Porous carbon materials derived from biopolymers are attractive sorbents for the removal of emerging pollutants from water, due to their high specific surface area, high porosity, tunable surface chemistry, and reasonable cost. However, carrageenan biopolymers were scarcely investigated as a carbon source to prepare porous carbon materials. Herein, hydrochars (HCs) and porous activated carbons (ACs) derived from natural occurring polysaccharides with variable sulfate content (κ-, ι- and λ-carrageenan) were prepared and investigated in the uptake of ciprofloxacin, which is an antibiotic detected in water sources and that poses serious hazards to public health. The materials were prepared using hydrothermal carbonization and subsequent chemical activation with KOH to increase the available surface area. The activated carbons were markedly microporous, presenting high specific surface area, up to 2800 m2/g. Activated carbons derived from κ- and λ-carrageenan showed high adsorption capacity (422 and 459 mg/g, respectively) for ciprofloxacin and fast adsorption kinetics, reaching the sorption equilibrium in approximately 5 min.

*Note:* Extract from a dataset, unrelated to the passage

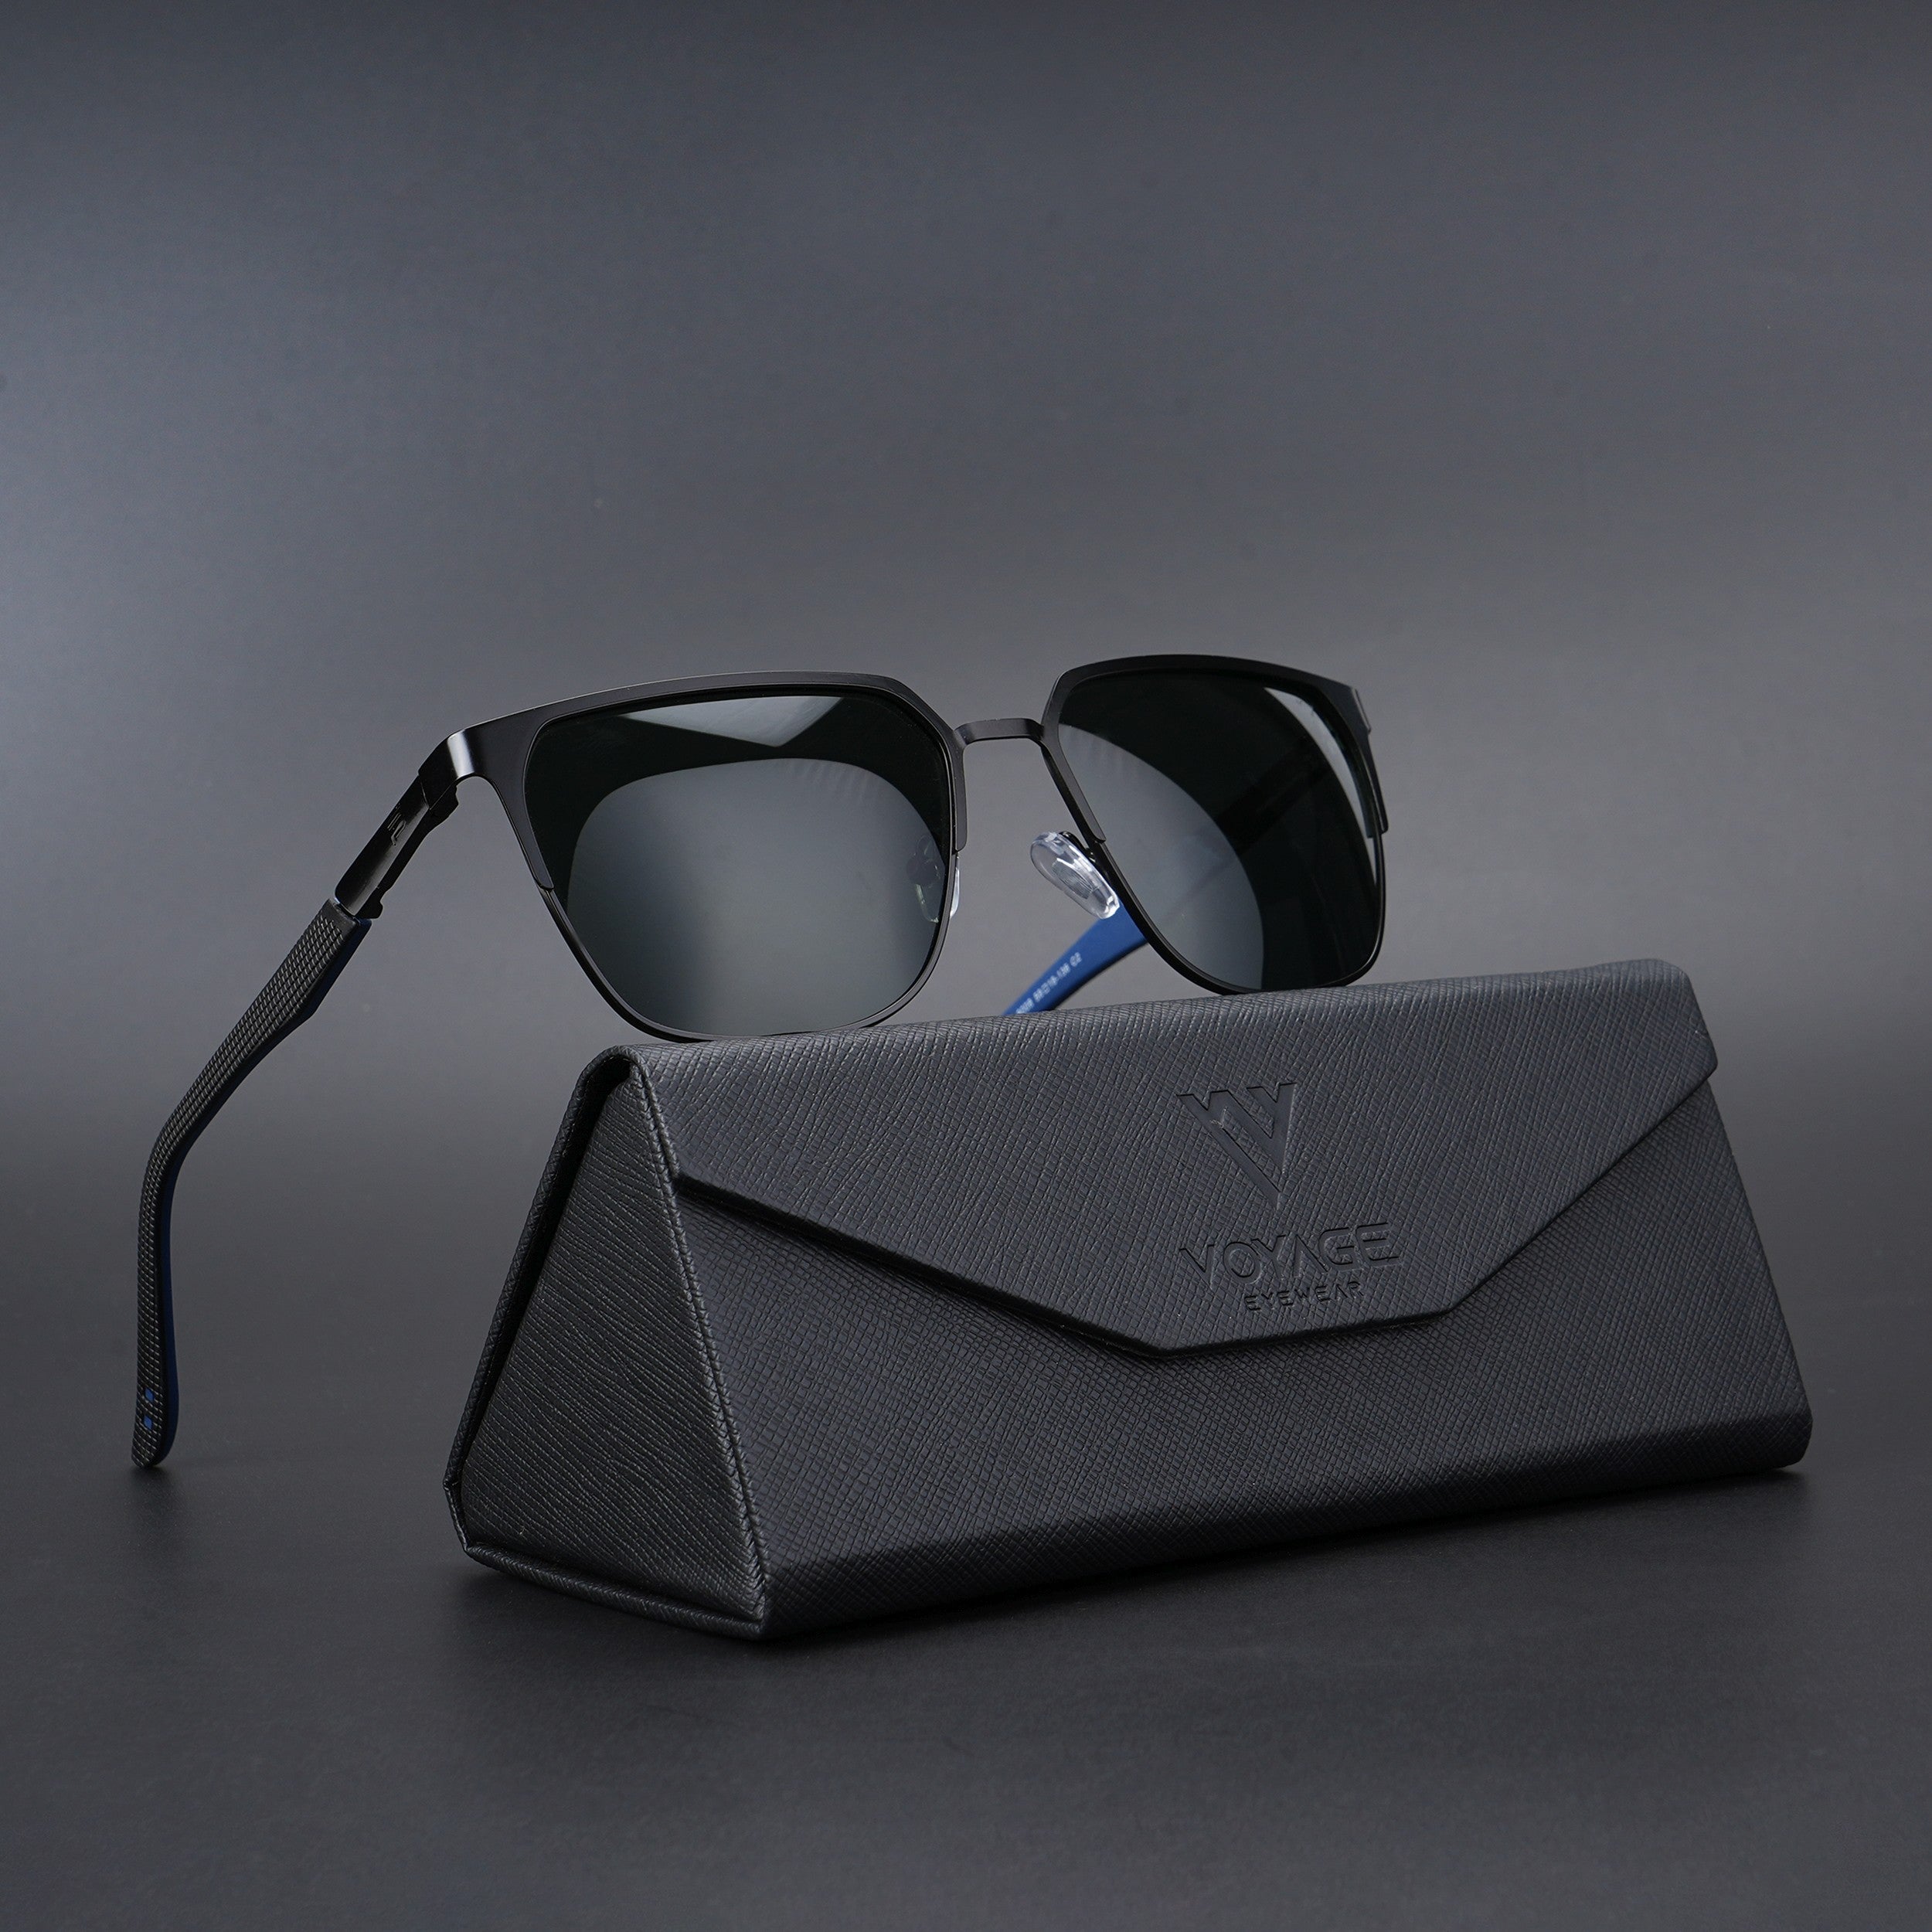 Voyage Square Polarized Sunglasses for Men & Women (Green Lens | Black Frame - PMG5609)
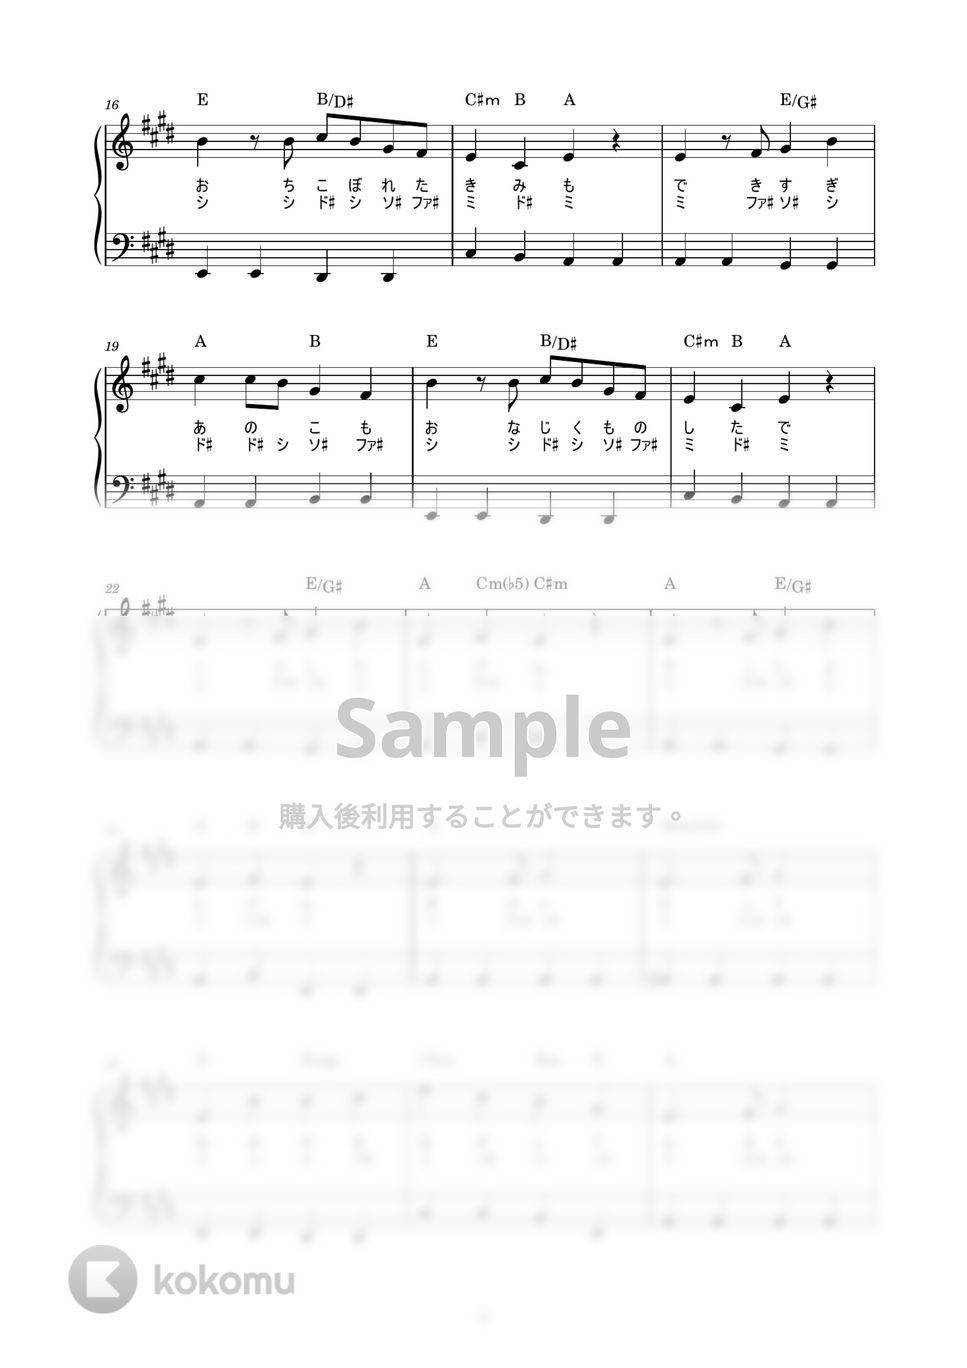 星野源 - ドラえもん (かんたん / 歌詞付き / ドレミ付き / 初心者) by piano.tokyo

These features place the ACs investigated here among the best systems reported in the literature for the removal of ciprofloxacin from water.

Highlights

  • Emerging pollutants are a vast series of man-made chemicals such as cosmetics, pesticides and pharmaceuticals that are essential to modern society and whose production has increased dramatically over the last century

  • The spherical shape of the hydrochars HC-ι and HC-λ was preserved after KOH activation, in agreement with previous findings reported for spherical-activated carbons prepared from carrageenan using identical KOH activation conditions [37]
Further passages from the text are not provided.